Aunt Fritzie, The Lake & Pulla

 

Fire up the grill! Light those sparklers! Summer’s here… the season between 4th of July and Labor Day. I know, I know, not literally, but if you were a kid who grew up going to school from September to June like I was, this was your "Huck Finn" time.

And one of the joys of my childhood was spending a good portion of every summer vacation with my family in a cottage owned by my Uncle Martin and Aunt Fritzie on a lake in Connecticut. It wasn’t that big a lake as lakes go… about three-four miles long and a mile wide… but for all the memories it gave me, it might as well have been as big as the Atlantic Ocean. Memories seem to flourish in the heat of summer. 

Alexander’s Lake (the “Lake”) was in the small town of Dayville, not far from Thompson, known for its speedway.
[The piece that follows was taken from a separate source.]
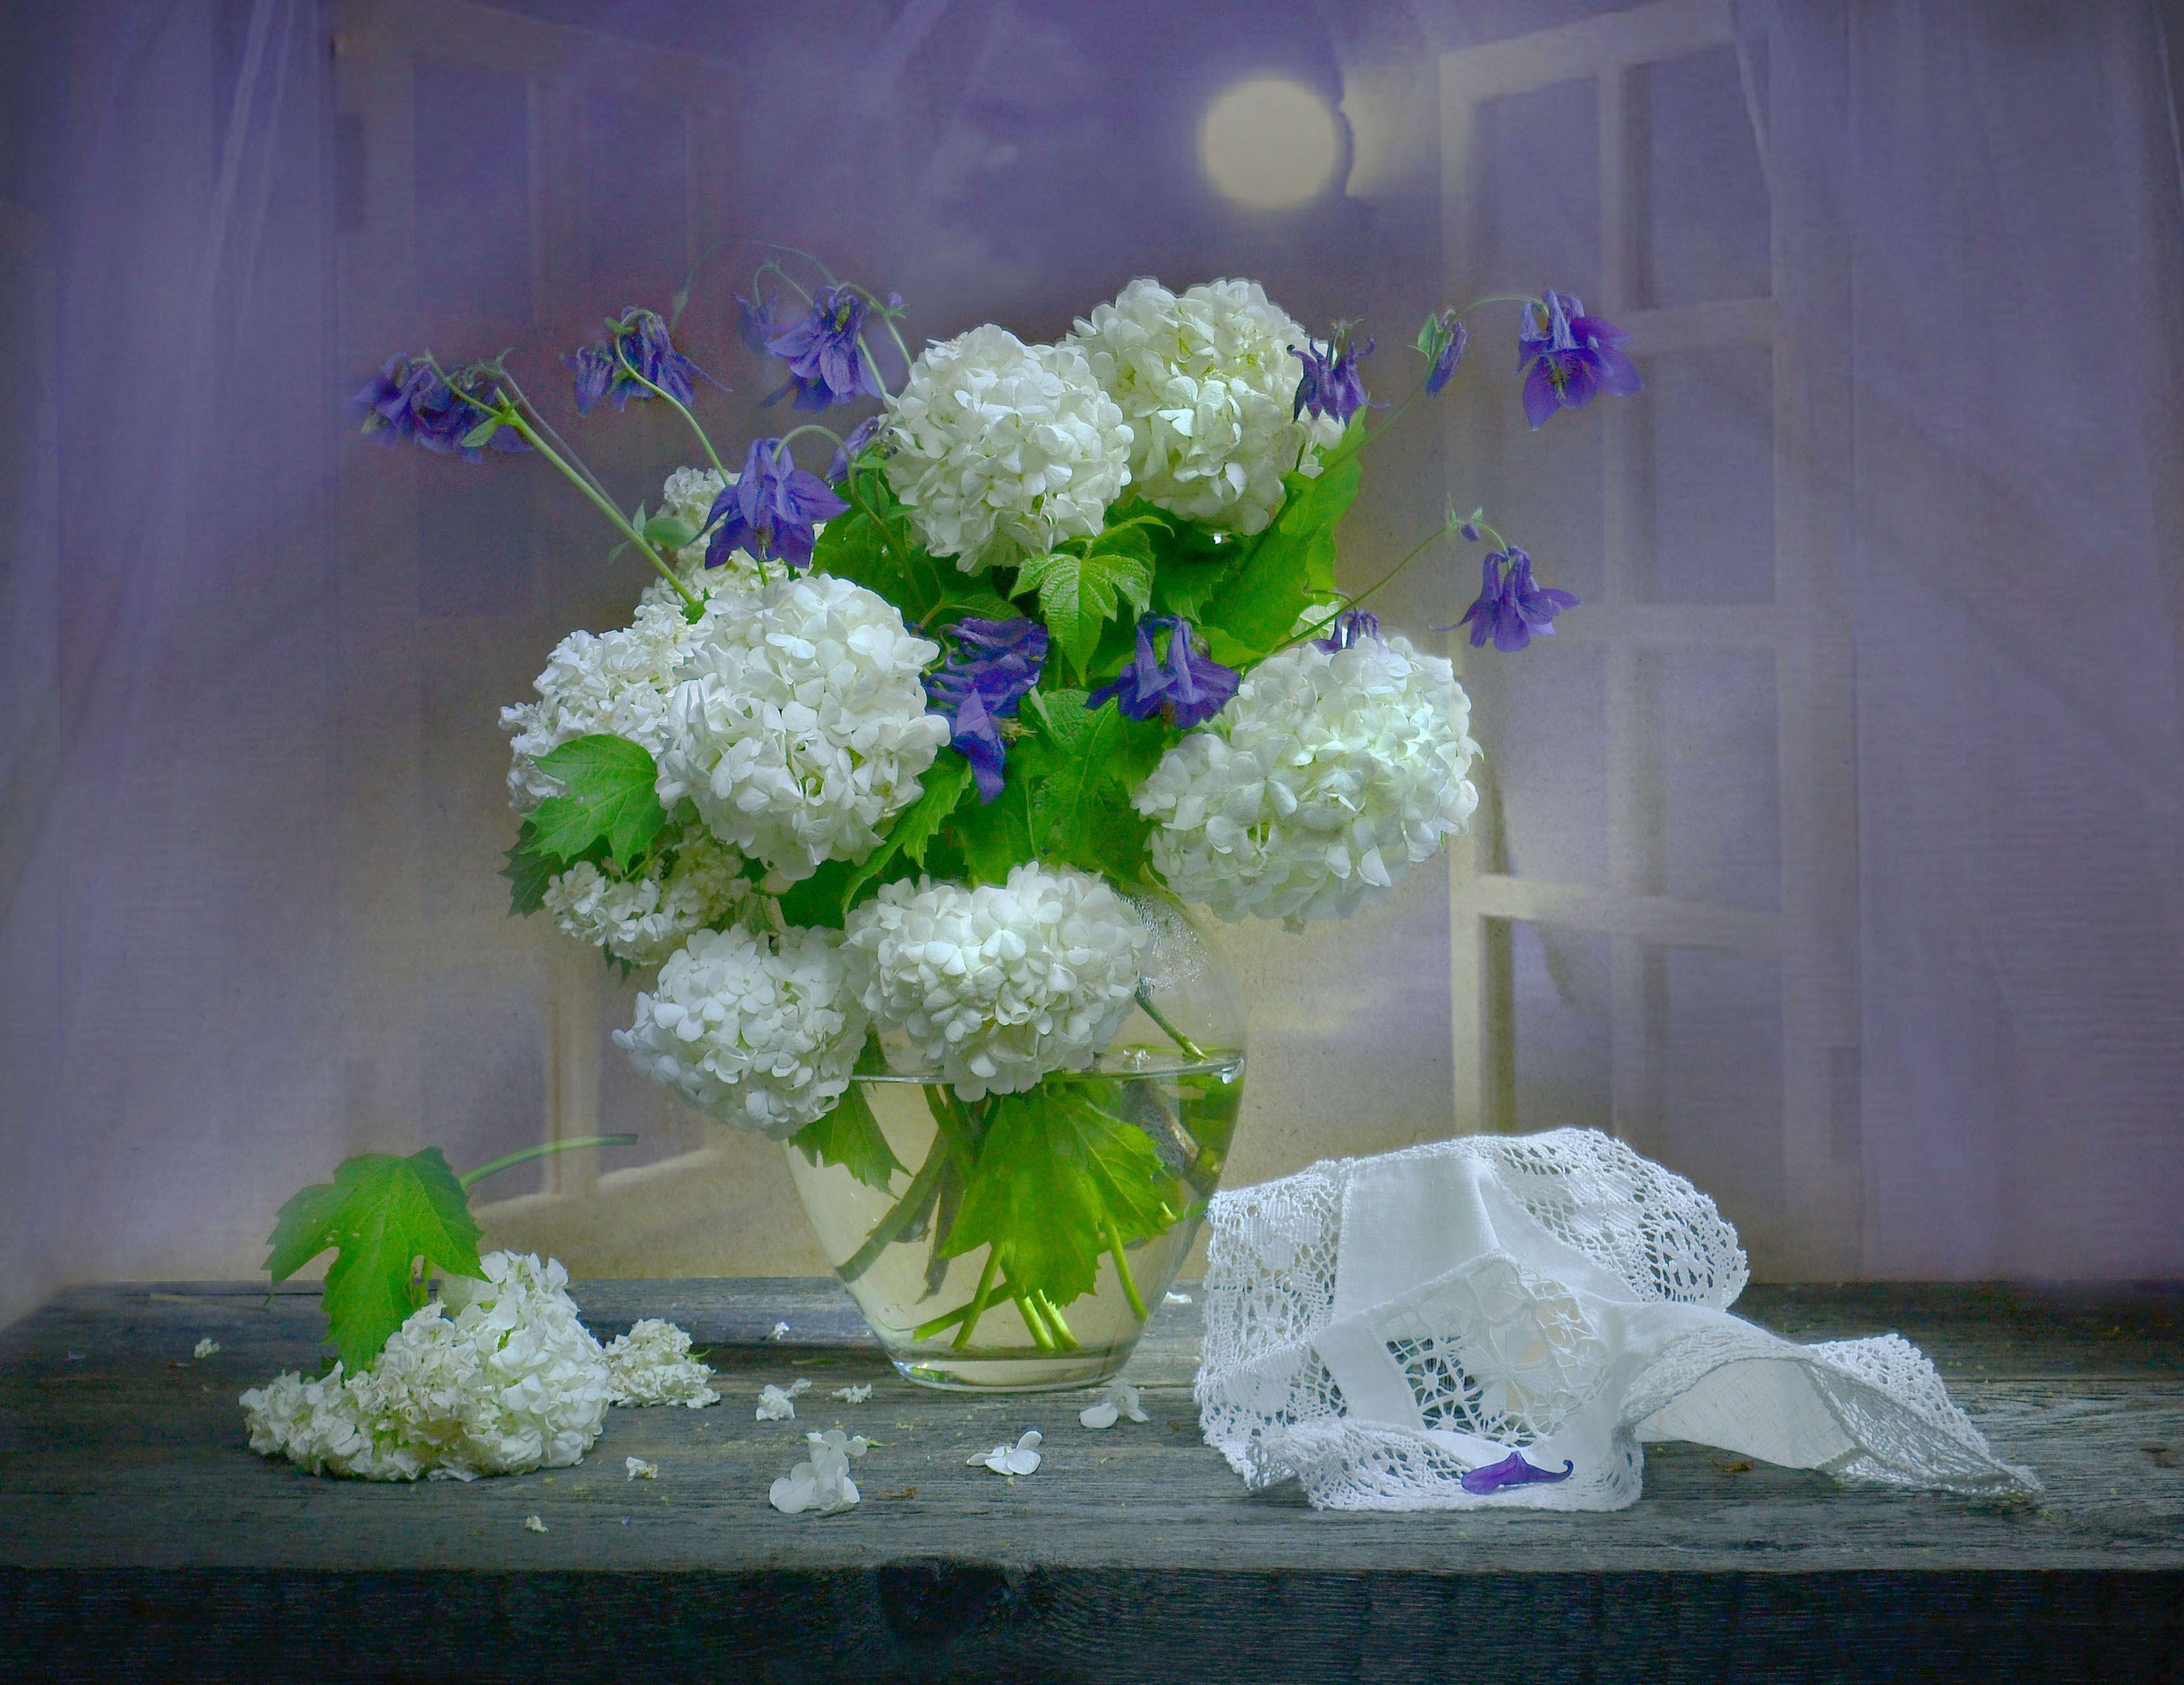 still life, натюрморт,  белая ночь, исход июня, июньский, калина, лето, сон в летнюю ночь, стихи, фото натюрморт, цветы, Колова Валентина

Straight up the I-95 from my home in Bayside, Long Island, almost to the Rhode Island, Massachusetts borders, the area is fairly rural even though it isn’t that far from Providence or Boston.

The Lake was my “Golden Pond” and my aunt and uncle opened their doors and arms to me and my New York friends for as long as I wanted to stay. The cottage was tiny, with a living room/kitchen, one bathroom, a bunk room that slept two, a tiny “master” bedroom and a screened- in porch overlooking the Lake where most of us kids slept.

The Lake banned motor boats for environmental reasons (even back then), not wanting to have that oil slick so many lakes have developed. So, I canoed and row boated and sailed in sunfish… I sunned and swam, and when we were kids (my cousins, neighbor kids, ‘townies,’ New York friends), we piled into a neighbor’s pick-up truck and went to the Pavilion to roller skate every Saturday night under the glittering balls hanging from the ceiling. We hiked the woods, read love comics, played canasta on the screened in porch and played hide & seek after supper, often getting thrown into the lake with our clothes on by one of the cove’s fathers (the cottage was in a large cove with many other cottages).

But my fondest memories of those summers are of my Aunt Fritzie.  She was a straight shooter, a good meat and potatoes cook and didn’t suffer fools. My mother was six when her mother died and Fritzie helped raise her, making her not only my mom’s sister, but my mom’s surrogate mom.  Aunt Fritzie was also my “summer” mom. A terrific card player, she taught me how to play canasta and bridge and when I was older and dating boys from “town” she’d flick the porch light on and off if I lingered in their cars too long before coming in after a date. I adored her. My mother adored her. My father adored her. And, my brother adored her. That lady was adored.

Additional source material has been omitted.